April 4, 2011, 9:58 AM

TagMan Names a Chief Privacy Officer

Angus Glover Wilson wins promotion from director of operations to the newly created position.

NEW YORK (March 30, 2011) TagMan, the Tag Management System, has promoted Angus Glover Wilson from Director of Operations to the newly created position of Chief Privacy Officer. This, as concerns grow in the digital marketing industry about the threat of draconic measures to restrict the tracking of user preferences and behavior online.

The company, which acts as a system to house the third-party tags used to implement, manage and track online marketing campaigns, said Mr. Wilson will take the lead on helping advertisers adhere to new regulations if and when they come into force.
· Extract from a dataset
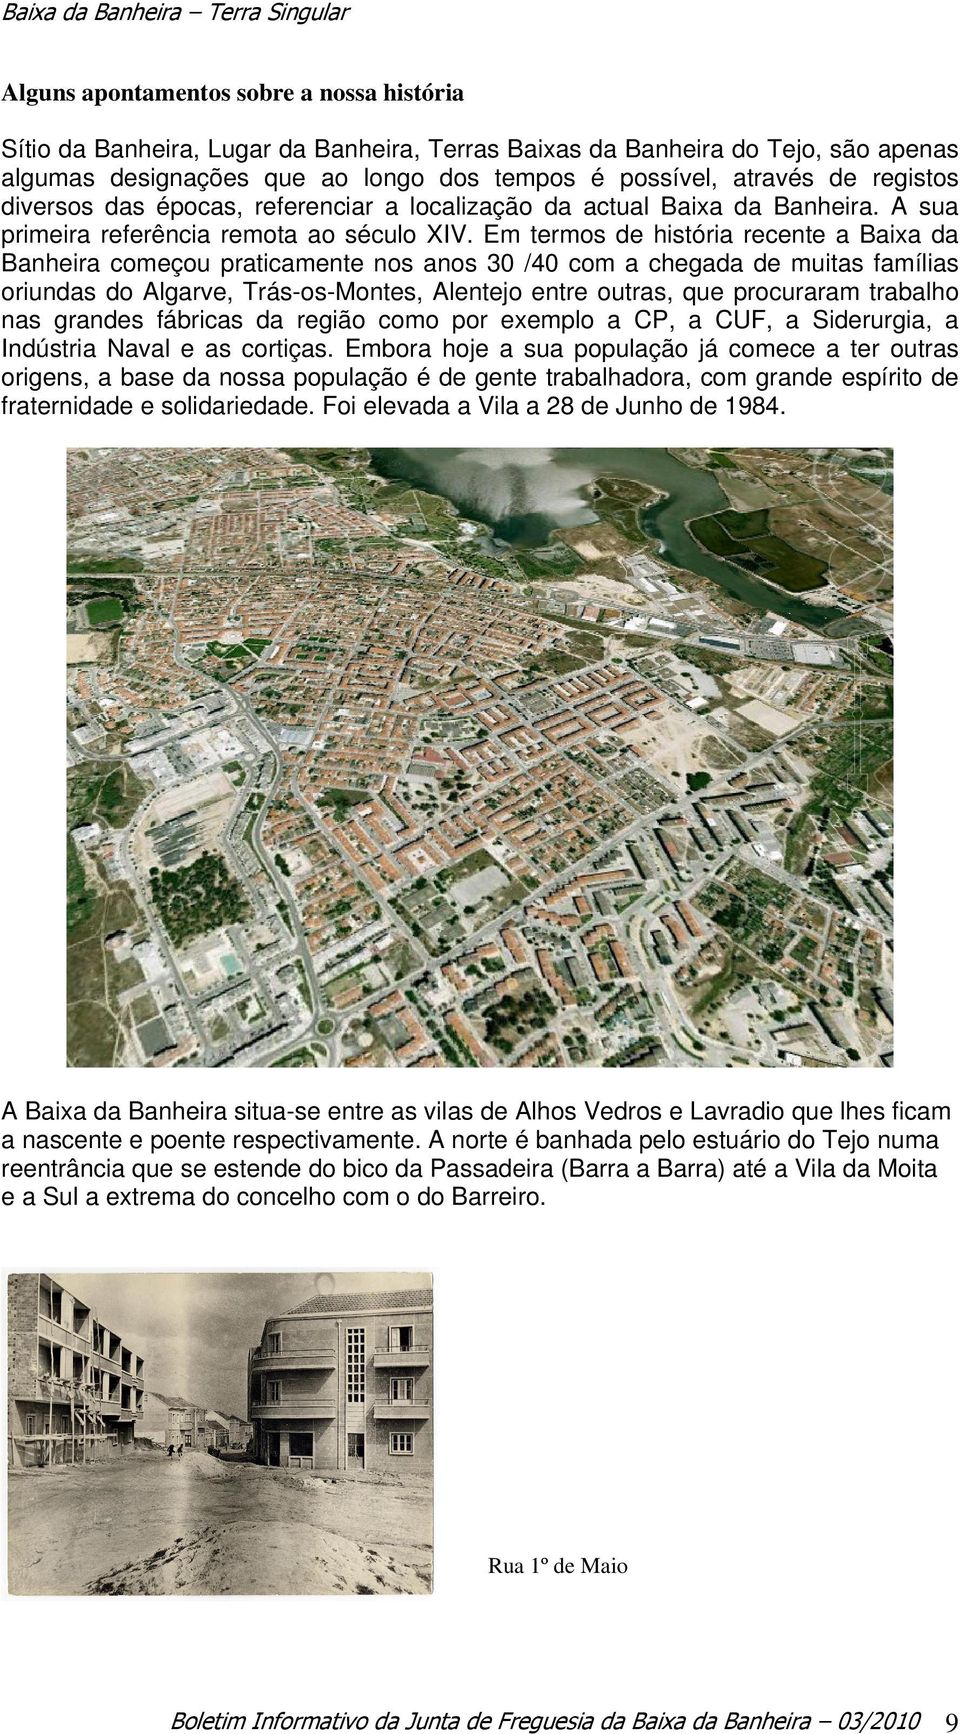 Em termos de história recente a Baixa da Banheira começou praticamente nos anos 30 /40 com a chegada de muitas famílias oriundas do Algarve, Trás-os-Montes, Alentejo entre outras, que procuraram

"Legislators in both the US and Europe are fast approaching the introduction of measures to address consumer concerns about online tracking. In Europe, a new Privacy Directive comes into force in May requiring that consumers opt in to having their online behavior tracked, though it is not yet clear how individual EU states will interpret and enact the legislation, "says Paul Cook, TagMan's CEO. "In the US, the digital industry is working hard to head off several competing privacy initiatives by gathering together to press the cause of self-regulation. Measures on the table include all-encompassing opt-out options in web browsers and an icon on relevant campaigns offering clear information, guidelines and opt-out options for consumers."

As VP Operations for TagMan US, a title he held since July 2010, Mr. Wilson was primarily responsible for client services activities, corporate logistics and of course privacy-related matters. Before he joined TagMan, Mr. Wilson was General Manager, UK at iVillage (including through NBC’s $600 million acquisition of iVillage Inc), and President of boutique NY digital agency dComm.

TagMan already offers its clients the ability to enable users to opt-out of all tracking and should be able to use the same technology to help them comply with new restrictions.

“The issue at the moment is about a lack of clarity. In neither the US nor Europe is it yet clear what, precisely, any new legislation will require. One interpretation of incoming legislation would be entirely unworkable while another would mean little or no change," says Mr. Wilson. "The key for us at the moment is to gain this clarity through professional legal counsel and to ensure that we are up to date as possible so we can develop systems to help our clients and the industry as a whole comply.”

TagMan is working with several industry self-regulation initiatives and was keen to impress on legislators the realities of online tracking.

“The digital industry has done itself few favors in communicating with consumers about precisely what we do and why. That has meant we are playing catch-up in terms of the information that’s out there and the understanding that consumers and legislators have about how online tracking works, concludes Mr. Wilson. “For example, for any business to be able to record the privacy preferences of any user is, in itself, a form of online tracking that can only be enabled by cookies. Somehow we need to address consumers’ concerns in a way that doesn’t completely undermine the way the web functions.”

TagMan (www.TagMan.com) is the smart container tag for enterprise e-commerce that offers real-time attribution. By acting as a single, universal tag and interface through which tracking tags and pixels can be deployed, online marketers can save time and money in the way they implement, manage and track campaigns. TagMan goes beyond last-click by capturing the complete path to conversion of online customers and providing real-time attribution reports that alleviate discrepancies between display, CPA and PPC online advertising channels.